When it came to taking charge of chaotic situations, Julius Caesar did not mess about. The stories surrounding his courage on the battlefield, his talent for strategic thinking and his downright tenacity are countless, but did you know that tackling the hopelessly disorganised Roman calendar and introducing the concept of the Leap Year was also among Caesar’s claims to fame?
Picture the scene. You’re a farmer in the 1st century BC and – according to the calendar, which circled around the ritual of state religion – you ought to be doling out ripe vegetables ready for the festivals of plenty. Yet to you and any of your slave-labourers, for whom the passage of the seasons are essential, it is clear that those harvests are months away from fruition. How did this end up happening? Well, the Roman calendar had become so out of sync with astronomical reality that annual festivals were starting to bear little resemblance to what was going on in the real world. Something had to be done.

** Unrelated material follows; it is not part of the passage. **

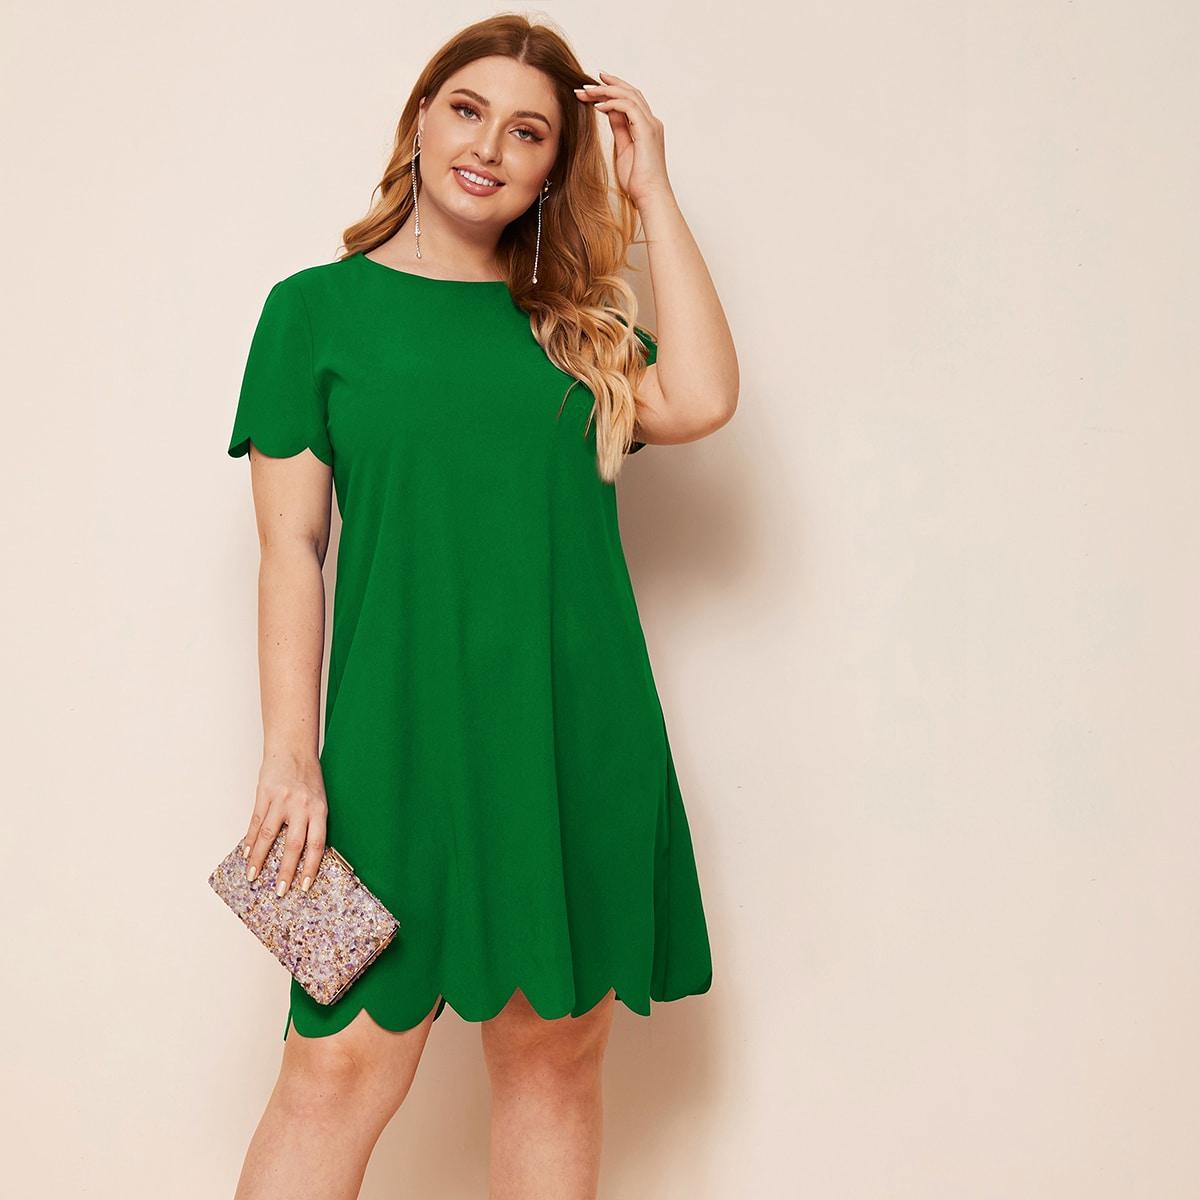 Однотонное платье размера плюс с оригинальной отделкой

Julius Caesar wanted to fix the mess but this was no mean feat: to shift the entire Roman empire and all its provinces onto a calendar that was properly aligned with both the rotation of Earth on its axis (one day) and its orbit of the Sun (a year). Caesar’s solution created not only the longest year in history, adding months to the calendar during that year, it also anchored the calendar to the seasons and brought us the leap year. It was a phenomenal task. We are in 46BC, otherwise known as “the year of confusion”.
Centuries prior to Caesar’s intervention, the early Roman calendar was drawn up according to the cycles of the Moon and the agricultural year. The origins of the calendar being focused on agriculture gave rise to the phenomenon of a calendar with only 10 months in it, starting in spring, with the tenth and final month of the year roughly equivalent to what we now know as December. Six of the months had 30 days, and four had 31 days, giving a total of 304 days. So what about the rest? Well, this is where it gets really weird. For the two “months” of the year when there was no work being done in the fields, those days were simply not counted. The Sun continued to rise and set but – according to the early Roman calendar, no “days” officially passed. As far back as 731BC people realised that this was a little unhinged, and King Numa, the second King of Rome tried to improve the situation by introducing two extra months to cover that dead winter period. He added 51 days to the calendar, creating what we now call January and February, and this extension brought the calendar year up to 355 days.
If you think that 355 days seems like an odd number, you’d be right. The number took its starting point from the lunar year (12 lunar months), which is 354 days long. However, due to Roman superstitions about even numbers being unlucky, an additional day was added to make a nice non-threatening 355. At the same time, and for the same reason, the months of the year were arranged in such a way that they all had odd numbers of days, except for February, which had 28. February, as a result, was considered to be unlucky and became a time during which the dead were honoured as well as a time of ritual purification.
This all looks like good progress, but it was a situation that still left the Romans around 11 days out from the Solar year and even with all the improvements made, it remained inevitable that the calendar would gradually become more and more out of sync with the seasons, which are controlled by the Earth’s position in relation to the sun. By the 2nd century BC things had got so bad that a near-total eclipse of the Sun was observed in Rome in what we would now consider to be mid-March, but it was recorded as having taken place on 11th July.
Increasingly unable to escape the problem, the College of Pontiffs in Rome resorted to inserting an additional month called Mercedonius on an ad-hoc basis to try to realign the calendar. This did not go well, since public officials tended to pop the month in whenever it suited them best politically, without sufficient focus on the goal of re-aligning the calendar with the seasons. According to Suetonius, if anything it made the situation worse: “the negligence of the Pontiffs had disordered the calendar for so long through their privilege of adding months or days at pleasure, that the harvest festivals did not come in summer nor those of the vintage in the autumn”.
During 46BC – Caesar’s year of confusion – there was already an extra Mercedonius month planned for that year. But Caesar’s Egyptian astronomical advisor Sosigenes, warned that Mercedonius wasn’t going to be enough this time and that things were getting drastic. On the astronomer’s advice, Caesar therefore added another two extra months to the year, one of 33 days and one of 34, to bring the calendar in line with the Sun. These additions created the longest year in history: 15 months, lasting 445 days. Caesar’s drastic intervention brought the calendar back in line with the seasons, meaning that the practice of the ad hoc extra month of Mercedonius could be abandoned.
Of course, getting the calendar to line up with the Sun is one thing; keeping it that way is quite another. As an astronomer, Sosigenes was well aware of the problem. The issue arises from the inconvenient fact that there aren’t a nice round number of days (i.e. Earth rotations) per year (i.e. Earth orbits of the Sun). The number of Earth rotations on each of its trips around the Sun is – I am reliably infomed – roughly 365.2421897. Hence the problem and hence the need for a leap year. The Earth fits in almost an extra quarter-turn every time it does a full orbit of the Sun. Sosigenes therefore calculated that adding an extra day every four years – in February – would help to fix the mismatch. It doesn’t completely solve the problem forever, but it was a jolly good stop-gap.